(EXERCISE INPUTS Opens)

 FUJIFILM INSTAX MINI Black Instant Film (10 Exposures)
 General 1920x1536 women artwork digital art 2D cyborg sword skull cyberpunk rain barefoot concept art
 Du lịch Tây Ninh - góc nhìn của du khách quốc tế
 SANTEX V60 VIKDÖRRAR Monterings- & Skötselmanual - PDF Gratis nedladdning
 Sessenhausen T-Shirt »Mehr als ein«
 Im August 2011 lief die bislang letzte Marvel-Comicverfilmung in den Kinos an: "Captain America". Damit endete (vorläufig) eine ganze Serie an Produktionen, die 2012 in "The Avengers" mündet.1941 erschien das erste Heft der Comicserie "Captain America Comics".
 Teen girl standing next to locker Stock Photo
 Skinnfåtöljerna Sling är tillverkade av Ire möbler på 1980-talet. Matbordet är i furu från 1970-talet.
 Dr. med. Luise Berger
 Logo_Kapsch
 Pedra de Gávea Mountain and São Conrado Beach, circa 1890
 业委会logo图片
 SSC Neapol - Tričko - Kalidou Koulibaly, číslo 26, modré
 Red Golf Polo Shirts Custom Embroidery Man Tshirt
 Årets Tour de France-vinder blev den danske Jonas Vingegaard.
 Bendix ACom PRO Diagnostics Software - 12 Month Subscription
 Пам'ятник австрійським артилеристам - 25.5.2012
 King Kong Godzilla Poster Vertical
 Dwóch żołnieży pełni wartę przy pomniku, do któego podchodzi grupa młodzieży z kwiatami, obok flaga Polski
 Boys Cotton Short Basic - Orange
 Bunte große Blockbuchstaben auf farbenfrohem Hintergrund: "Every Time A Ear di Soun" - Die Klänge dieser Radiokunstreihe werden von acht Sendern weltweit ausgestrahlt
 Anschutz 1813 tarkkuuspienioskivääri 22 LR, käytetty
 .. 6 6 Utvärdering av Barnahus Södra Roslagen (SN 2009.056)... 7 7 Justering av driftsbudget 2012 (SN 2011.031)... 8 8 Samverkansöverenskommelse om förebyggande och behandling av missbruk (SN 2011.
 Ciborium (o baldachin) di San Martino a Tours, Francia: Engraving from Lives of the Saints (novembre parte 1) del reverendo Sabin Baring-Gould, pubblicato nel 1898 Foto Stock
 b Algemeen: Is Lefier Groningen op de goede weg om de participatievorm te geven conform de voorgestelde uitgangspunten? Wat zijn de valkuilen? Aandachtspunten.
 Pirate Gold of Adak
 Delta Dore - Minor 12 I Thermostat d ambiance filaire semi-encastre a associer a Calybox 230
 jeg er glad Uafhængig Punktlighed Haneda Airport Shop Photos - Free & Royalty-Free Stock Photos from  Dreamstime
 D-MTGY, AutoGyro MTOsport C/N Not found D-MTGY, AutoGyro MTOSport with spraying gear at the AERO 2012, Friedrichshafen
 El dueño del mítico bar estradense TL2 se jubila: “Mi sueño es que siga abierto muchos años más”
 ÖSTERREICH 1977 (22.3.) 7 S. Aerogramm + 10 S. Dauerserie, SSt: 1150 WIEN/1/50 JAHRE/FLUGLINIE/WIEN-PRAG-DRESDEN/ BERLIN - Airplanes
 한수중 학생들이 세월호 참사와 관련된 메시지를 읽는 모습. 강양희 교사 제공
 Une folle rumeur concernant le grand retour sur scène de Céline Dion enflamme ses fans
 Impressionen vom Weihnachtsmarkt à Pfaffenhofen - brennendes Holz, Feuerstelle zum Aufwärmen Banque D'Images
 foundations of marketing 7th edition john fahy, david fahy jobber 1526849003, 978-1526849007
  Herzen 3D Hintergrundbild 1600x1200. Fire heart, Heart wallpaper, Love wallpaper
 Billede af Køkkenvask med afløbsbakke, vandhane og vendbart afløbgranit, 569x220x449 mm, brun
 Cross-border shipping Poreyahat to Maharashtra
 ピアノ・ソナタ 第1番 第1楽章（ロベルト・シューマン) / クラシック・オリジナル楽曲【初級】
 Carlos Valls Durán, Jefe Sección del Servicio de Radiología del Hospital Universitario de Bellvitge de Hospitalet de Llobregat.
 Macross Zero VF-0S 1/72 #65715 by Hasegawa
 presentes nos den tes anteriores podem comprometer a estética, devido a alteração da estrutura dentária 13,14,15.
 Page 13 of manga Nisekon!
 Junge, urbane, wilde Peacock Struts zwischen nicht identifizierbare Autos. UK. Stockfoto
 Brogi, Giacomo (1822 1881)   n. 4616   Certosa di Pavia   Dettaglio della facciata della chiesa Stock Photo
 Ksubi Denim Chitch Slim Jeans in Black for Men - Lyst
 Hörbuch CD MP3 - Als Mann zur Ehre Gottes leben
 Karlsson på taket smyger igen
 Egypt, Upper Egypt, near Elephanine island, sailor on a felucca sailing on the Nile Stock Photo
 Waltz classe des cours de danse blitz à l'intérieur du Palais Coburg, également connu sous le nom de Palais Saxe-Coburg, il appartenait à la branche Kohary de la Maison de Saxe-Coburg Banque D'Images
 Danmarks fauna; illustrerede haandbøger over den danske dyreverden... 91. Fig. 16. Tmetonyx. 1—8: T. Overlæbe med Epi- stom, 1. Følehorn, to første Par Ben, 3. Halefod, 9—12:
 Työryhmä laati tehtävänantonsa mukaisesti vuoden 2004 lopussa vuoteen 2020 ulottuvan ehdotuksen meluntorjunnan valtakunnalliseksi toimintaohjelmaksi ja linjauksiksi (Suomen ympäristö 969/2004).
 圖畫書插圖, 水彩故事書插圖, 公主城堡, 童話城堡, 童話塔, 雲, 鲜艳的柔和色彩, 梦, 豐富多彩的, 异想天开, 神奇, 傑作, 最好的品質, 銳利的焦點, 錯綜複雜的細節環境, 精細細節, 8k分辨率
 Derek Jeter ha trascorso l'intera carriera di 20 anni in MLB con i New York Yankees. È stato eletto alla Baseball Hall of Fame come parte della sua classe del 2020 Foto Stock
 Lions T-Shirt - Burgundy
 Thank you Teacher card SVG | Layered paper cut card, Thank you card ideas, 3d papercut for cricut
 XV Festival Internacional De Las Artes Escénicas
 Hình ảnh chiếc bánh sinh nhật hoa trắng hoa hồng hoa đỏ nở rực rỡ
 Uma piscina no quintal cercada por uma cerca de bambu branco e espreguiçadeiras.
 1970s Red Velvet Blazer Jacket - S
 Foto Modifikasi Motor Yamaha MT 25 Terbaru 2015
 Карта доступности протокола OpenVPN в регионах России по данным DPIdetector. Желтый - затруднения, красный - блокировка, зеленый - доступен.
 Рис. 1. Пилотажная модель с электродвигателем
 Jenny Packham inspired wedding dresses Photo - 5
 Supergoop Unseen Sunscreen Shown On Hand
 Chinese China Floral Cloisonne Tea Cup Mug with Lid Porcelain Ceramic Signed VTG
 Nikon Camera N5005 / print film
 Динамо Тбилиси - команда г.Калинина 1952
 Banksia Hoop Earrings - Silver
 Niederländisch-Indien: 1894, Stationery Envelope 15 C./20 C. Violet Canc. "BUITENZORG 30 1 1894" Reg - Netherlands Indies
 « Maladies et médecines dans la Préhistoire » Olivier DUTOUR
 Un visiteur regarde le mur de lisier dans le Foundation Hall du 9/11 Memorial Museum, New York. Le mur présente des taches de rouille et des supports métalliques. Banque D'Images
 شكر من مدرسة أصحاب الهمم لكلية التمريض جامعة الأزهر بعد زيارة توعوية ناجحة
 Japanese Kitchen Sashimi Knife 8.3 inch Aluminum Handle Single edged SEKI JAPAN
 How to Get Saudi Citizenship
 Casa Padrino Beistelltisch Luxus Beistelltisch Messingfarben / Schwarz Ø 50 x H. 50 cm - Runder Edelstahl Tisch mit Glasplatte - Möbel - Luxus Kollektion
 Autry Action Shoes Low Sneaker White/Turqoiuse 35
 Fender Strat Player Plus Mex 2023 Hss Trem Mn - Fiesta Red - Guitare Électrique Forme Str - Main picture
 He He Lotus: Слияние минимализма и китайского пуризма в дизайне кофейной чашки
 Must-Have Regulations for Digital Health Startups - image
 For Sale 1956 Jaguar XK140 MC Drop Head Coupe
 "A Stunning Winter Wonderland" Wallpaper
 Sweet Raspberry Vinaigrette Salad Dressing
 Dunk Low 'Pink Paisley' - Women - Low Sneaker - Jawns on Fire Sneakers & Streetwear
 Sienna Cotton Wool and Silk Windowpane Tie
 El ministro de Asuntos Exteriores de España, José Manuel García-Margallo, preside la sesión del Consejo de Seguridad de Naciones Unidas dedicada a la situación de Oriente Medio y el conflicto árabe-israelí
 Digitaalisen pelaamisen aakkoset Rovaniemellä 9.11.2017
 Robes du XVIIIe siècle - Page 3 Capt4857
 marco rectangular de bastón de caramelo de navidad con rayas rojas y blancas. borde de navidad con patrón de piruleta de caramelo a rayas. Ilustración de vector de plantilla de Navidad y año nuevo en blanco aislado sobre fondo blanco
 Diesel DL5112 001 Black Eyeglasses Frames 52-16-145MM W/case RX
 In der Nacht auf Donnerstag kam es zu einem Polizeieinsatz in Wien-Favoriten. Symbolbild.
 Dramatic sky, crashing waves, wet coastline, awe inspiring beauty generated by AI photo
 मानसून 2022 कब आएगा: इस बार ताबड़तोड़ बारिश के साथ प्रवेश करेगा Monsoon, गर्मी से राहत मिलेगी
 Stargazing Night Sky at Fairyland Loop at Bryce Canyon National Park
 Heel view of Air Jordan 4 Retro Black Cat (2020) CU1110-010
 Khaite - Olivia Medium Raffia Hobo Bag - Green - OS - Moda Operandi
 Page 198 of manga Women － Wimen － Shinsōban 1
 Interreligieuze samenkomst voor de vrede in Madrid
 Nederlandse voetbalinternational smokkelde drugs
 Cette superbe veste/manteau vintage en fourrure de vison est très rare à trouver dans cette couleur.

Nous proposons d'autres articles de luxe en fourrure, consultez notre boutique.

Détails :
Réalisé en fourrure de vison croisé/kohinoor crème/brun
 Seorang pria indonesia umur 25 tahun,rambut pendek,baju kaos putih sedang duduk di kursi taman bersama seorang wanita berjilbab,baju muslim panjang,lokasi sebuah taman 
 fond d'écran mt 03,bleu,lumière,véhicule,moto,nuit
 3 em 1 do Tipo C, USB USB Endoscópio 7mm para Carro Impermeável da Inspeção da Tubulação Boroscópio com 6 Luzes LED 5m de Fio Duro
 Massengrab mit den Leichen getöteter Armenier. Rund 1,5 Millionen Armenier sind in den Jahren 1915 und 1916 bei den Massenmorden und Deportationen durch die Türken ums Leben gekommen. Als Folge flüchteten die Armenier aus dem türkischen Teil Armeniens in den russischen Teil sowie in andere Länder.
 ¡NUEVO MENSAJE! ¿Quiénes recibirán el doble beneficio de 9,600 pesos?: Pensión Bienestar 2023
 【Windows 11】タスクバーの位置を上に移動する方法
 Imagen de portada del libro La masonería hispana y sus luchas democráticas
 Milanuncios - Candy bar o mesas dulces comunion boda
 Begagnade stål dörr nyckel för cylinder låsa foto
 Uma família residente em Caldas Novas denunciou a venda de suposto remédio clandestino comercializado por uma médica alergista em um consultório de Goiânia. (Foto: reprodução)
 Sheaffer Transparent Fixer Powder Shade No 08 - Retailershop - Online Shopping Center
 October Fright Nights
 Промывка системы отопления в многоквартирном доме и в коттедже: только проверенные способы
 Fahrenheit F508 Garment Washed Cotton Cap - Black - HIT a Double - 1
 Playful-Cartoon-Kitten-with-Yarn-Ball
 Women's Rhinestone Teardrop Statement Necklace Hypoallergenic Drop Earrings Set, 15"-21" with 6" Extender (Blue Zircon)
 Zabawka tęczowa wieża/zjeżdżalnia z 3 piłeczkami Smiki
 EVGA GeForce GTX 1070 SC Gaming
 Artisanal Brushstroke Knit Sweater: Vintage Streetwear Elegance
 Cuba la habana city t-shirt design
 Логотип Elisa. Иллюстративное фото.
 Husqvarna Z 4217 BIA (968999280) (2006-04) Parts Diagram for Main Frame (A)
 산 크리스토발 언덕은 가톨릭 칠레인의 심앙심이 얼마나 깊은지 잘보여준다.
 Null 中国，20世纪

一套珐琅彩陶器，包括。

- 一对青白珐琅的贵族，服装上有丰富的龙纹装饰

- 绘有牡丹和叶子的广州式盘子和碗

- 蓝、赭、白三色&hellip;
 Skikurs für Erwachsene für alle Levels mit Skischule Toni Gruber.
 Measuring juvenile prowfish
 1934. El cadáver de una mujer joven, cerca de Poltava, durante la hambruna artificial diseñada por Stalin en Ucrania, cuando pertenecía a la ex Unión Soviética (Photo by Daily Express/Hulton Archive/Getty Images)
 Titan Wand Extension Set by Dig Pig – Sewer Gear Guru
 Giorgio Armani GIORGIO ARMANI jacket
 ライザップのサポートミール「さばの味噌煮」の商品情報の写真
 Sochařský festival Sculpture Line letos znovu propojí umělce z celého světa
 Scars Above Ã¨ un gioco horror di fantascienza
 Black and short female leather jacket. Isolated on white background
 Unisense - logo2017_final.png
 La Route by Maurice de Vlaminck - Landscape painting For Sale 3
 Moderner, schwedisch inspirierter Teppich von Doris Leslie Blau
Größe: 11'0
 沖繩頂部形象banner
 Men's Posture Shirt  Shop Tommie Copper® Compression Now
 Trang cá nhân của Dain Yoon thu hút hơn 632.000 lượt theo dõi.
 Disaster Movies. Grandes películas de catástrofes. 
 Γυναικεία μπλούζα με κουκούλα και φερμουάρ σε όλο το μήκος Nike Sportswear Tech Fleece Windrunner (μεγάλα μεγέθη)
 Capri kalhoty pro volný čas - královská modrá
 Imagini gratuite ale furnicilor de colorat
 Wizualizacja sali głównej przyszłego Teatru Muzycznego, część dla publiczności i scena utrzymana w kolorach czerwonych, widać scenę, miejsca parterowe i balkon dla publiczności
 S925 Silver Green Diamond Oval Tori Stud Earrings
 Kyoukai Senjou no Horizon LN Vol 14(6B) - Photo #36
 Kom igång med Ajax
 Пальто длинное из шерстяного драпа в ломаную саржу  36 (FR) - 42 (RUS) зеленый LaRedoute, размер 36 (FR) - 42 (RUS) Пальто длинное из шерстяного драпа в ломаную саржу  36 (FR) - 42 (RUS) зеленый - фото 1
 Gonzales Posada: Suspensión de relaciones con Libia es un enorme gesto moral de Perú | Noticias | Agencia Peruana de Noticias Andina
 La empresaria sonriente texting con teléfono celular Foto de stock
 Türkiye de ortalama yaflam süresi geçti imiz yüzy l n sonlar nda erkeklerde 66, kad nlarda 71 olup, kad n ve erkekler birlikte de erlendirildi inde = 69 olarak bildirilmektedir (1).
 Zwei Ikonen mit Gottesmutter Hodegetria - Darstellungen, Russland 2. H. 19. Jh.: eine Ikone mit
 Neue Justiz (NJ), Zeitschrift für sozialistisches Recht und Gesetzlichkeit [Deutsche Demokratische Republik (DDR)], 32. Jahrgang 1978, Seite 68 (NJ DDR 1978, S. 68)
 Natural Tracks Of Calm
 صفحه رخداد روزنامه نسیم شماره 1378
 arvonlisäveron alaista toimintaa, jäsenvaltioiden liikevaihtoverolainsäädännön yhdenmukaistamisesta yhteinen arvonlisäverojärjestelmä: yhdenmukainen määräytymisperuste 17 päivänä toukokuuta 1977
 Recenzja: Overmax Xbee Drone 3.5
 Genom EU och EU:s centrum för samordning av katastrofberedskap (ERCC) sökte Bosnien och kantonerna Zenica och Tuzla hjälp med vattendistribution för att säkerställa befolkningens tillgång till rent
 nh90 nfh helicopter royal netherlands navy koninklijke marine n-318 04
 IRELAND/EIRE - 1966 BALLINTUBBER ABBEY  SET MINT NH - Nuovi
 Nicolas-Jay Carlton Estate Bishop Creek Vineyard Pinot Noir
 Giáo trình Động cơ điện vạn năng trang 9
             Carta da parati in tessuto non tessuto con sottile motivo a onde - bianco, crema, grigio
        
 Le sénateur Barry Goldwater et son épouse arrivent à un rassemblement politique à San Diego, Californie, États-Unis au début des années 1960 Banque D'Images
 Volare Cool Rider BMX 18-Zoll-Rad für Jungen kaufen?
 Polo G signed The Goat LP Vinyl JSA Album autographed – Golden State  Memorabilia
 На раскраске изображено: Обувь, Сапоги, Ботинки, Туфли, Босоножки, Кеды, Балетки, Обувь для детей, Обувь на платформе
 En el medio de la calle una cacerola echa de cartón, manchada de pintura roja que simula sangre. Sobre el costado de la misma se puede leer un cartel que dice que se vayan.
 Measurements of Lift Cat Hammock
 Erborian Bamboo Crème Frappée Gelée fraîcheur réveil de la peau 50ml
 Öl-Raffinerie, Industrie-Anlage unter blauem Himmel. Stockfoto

(EXERCISE INPUTS Closes)

The answer should be one number: how many lines in the data contain the word "Main".

2